People are naturally drawn to skills. They enjoy watching those who have mastered them (almost anything will do, even youngsters stacking soda cups). So what skills do we want our visitors to take away, and can we make a case for why they are important skills for them? Being able to name some of the products of a place is not a useful skill for most visitors, but being able to perceive how energy flows and materials cycle on our planet to create those products in a particular place is a skill of great practical value wherever they go. Understanding the processes provides context for the products.
Visitor Interests
As an interpreter, is your task to tap into the visitor’s interest and connect that interest to the resource (a terrible word implying the world exists for our use), or is your task to help them experience that place in meaningful and memorable ways relative to its mission?

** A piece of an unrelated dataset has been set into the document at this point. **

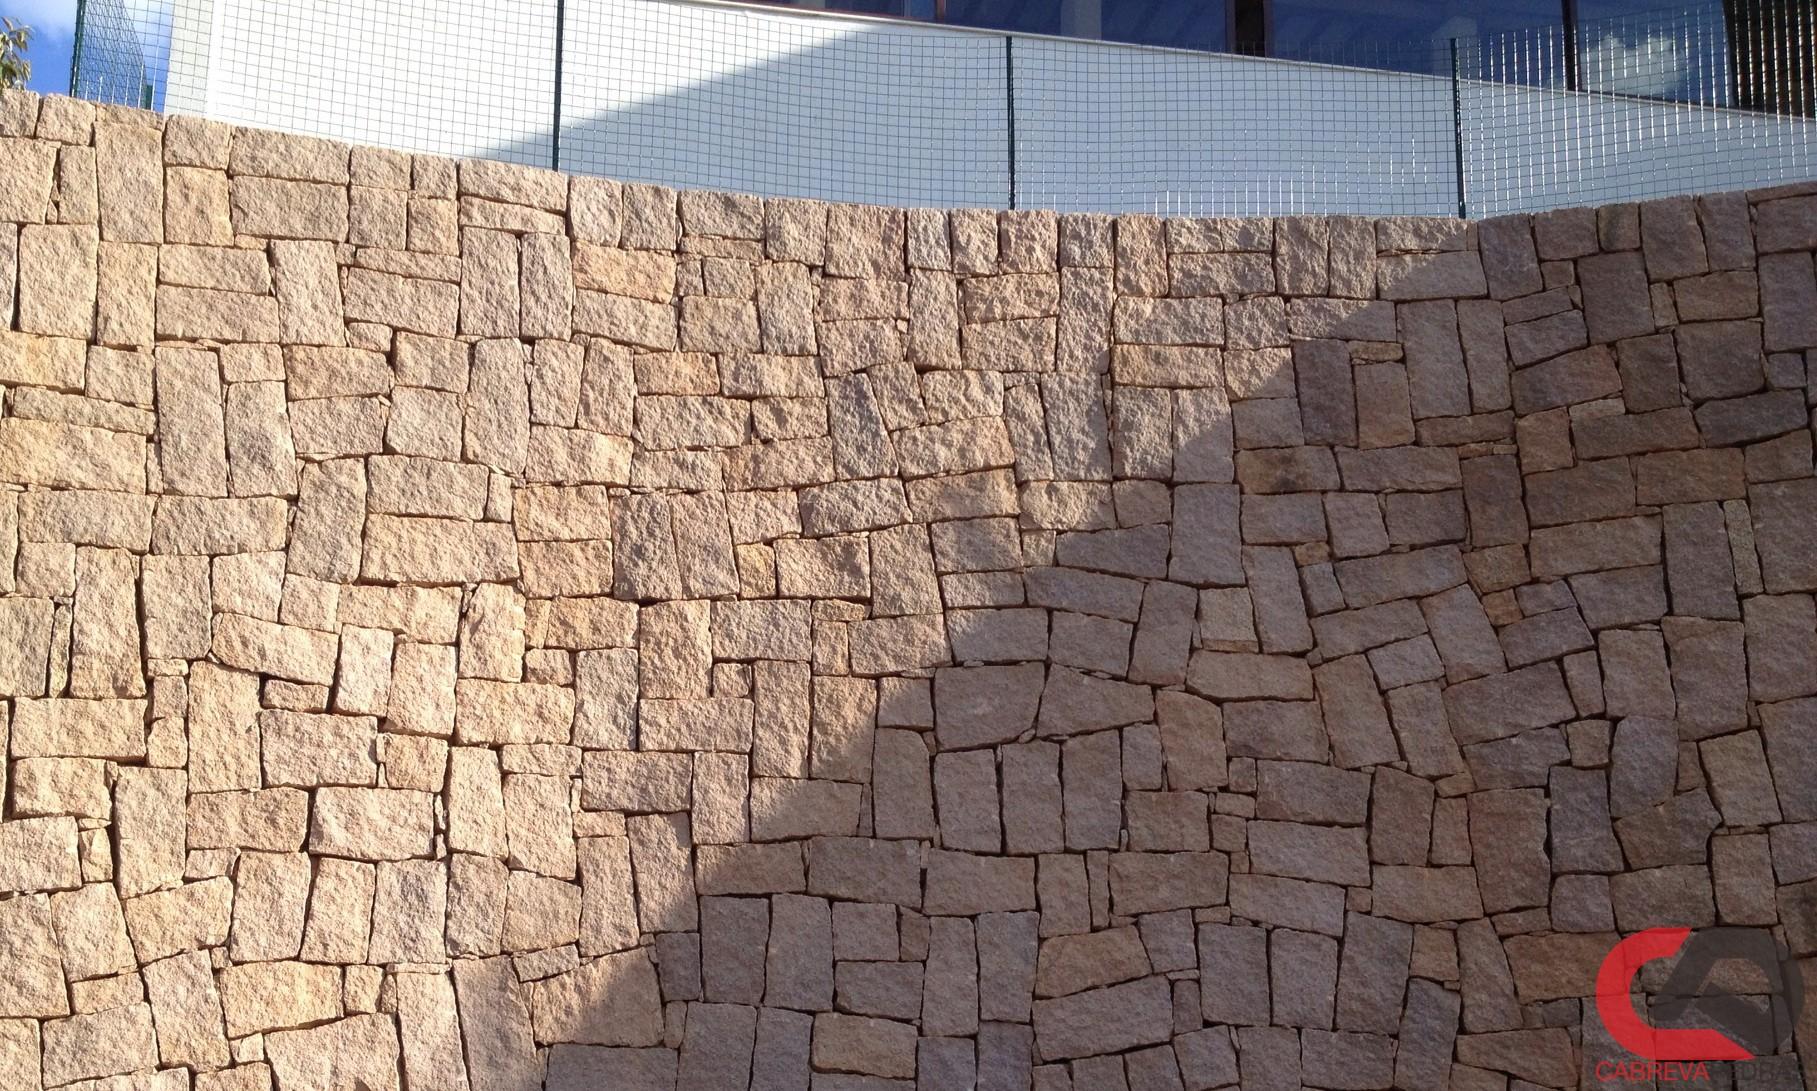 muro de pedra 05 - Muro de Pedra - Material e Mão de Obra Especializada

The view that whatever an interpreter does must be relevant to the audience can quickly become a cognitive blind alley in interpretation. It does not need to be relevant to the visitors’ particular interests, but to their general understandings. Relevance means that something is related to the matter in hand. In interpretation, that’s the place and the experience the visitors are having there, not their current personal interests.
Visitors arrive at a place with hundreds of interests. Are you a reference librarian or an experiential coach? I think we can assume most visitors have some interest; that’s why they came. So are they looking for you to make a connection with their interests or to share why this place and these things are worthy of their inter- est? Perhaps your primary task is to strengthen an interest for some and create a new interest for others. Forget themes. Think webs. Interpreters are web-weavers. You are sharing things to do that will enhance and set to vibrating the universal strands in the visitors’ grasp of the natural and cultural web of life illus- trated in the place. Freeman Tilden, often considered the father of modern interpretation, put it best when he said the visitors may be there in the explicit hope that you will reveal to them why they have come.
The idea that visitors will construct their own “knowledge” does not relieve you of the need to instruct them in yours. In fact, they expect that from you. But you need to do it in a way that enriches their experience with the place and its mission; not in a way that enriches their experience with you and your interests (or even theirs).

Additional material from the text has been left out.